Unstuck by Robert Reynolds is a how-to manual for repentance. But it’s not just an ordinary how-to manual, because we all learned the steps of repentance in Sunday School, right? This book is more of a primer in how to achieve lasting repentance, how to make real changes in our lives and our hearts and learn to leave, as the author calls them, our “favorite sins” behind for good.
Written by a more-or-less ordinary guy like the rest of us (ok, he gets to interact professionally with rock stars and other “cool” people, but I’ve never been much of a fangirl), this book is more of a long conversation than a doctrinal how-to. Yes, there are some well-used LDS stories and analogies in here, but I’m ok with those. To me, they give the book a certain amount of cultural credibility.
A Plain-Speaking Guide
I really like that Robert Reynolds writes in plain English. Very often books dealing with the weighty topic of repentance are written in very formal language like somehow that makes the subject more serious and important. I’m a plain English girl myself, though I can certainly throw out lots of $2 words and make my writing sound more impressive. But really, the language helps give Unstuck its upbeat and hopeful, do-able tone.
It’s not a long book, only a smidge over 150 pages and divided neatly into three main sections.
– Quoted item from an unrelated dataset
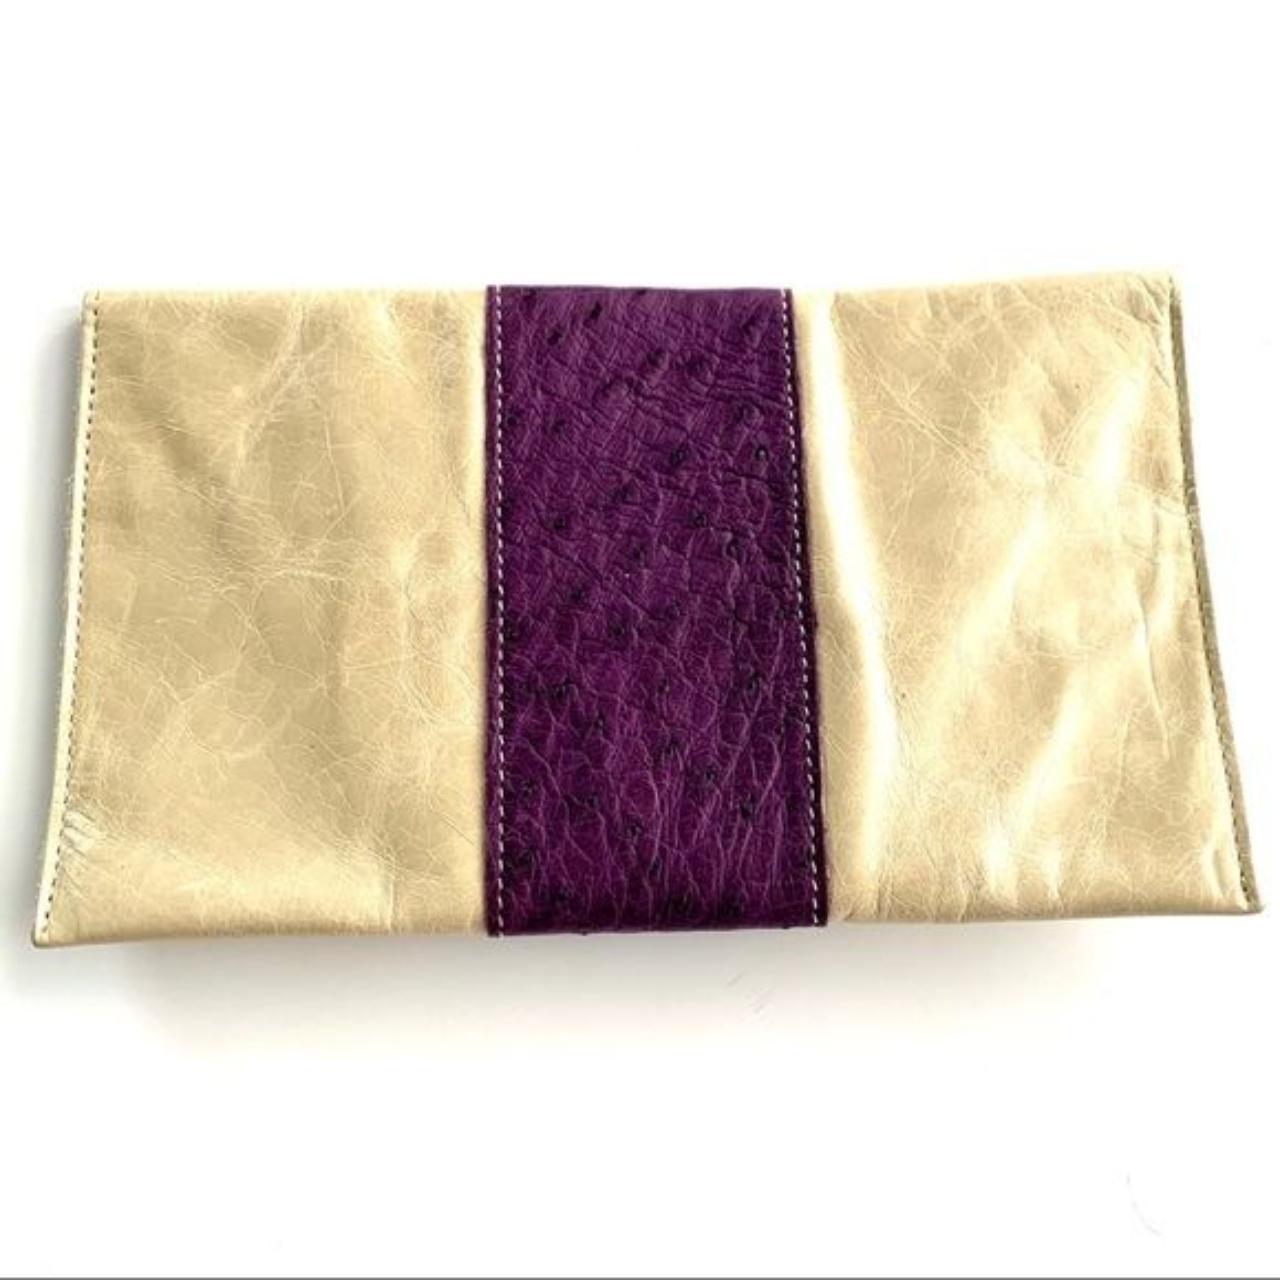 Product Image 3 - Post- Luxury Accessories Leather Clutch

Soft

Part One: Sin and Weakness discusses how we get these “favorite sins” and why we have a hard time letting go. One of the things that adds to the credibility of Reynolds’ writing is that he writes from experience. The entertainment industry provides a constant flow of temptations and opportunities to stay from the path of righteousness. The steps and principles outlined in this book are often illustrated with experiences from the author’s own life.
Part Two covers how to obtain a mighty change of heart. He doesn’t tell us to pray harder or read more scriptures or simply to “avoid temptation.”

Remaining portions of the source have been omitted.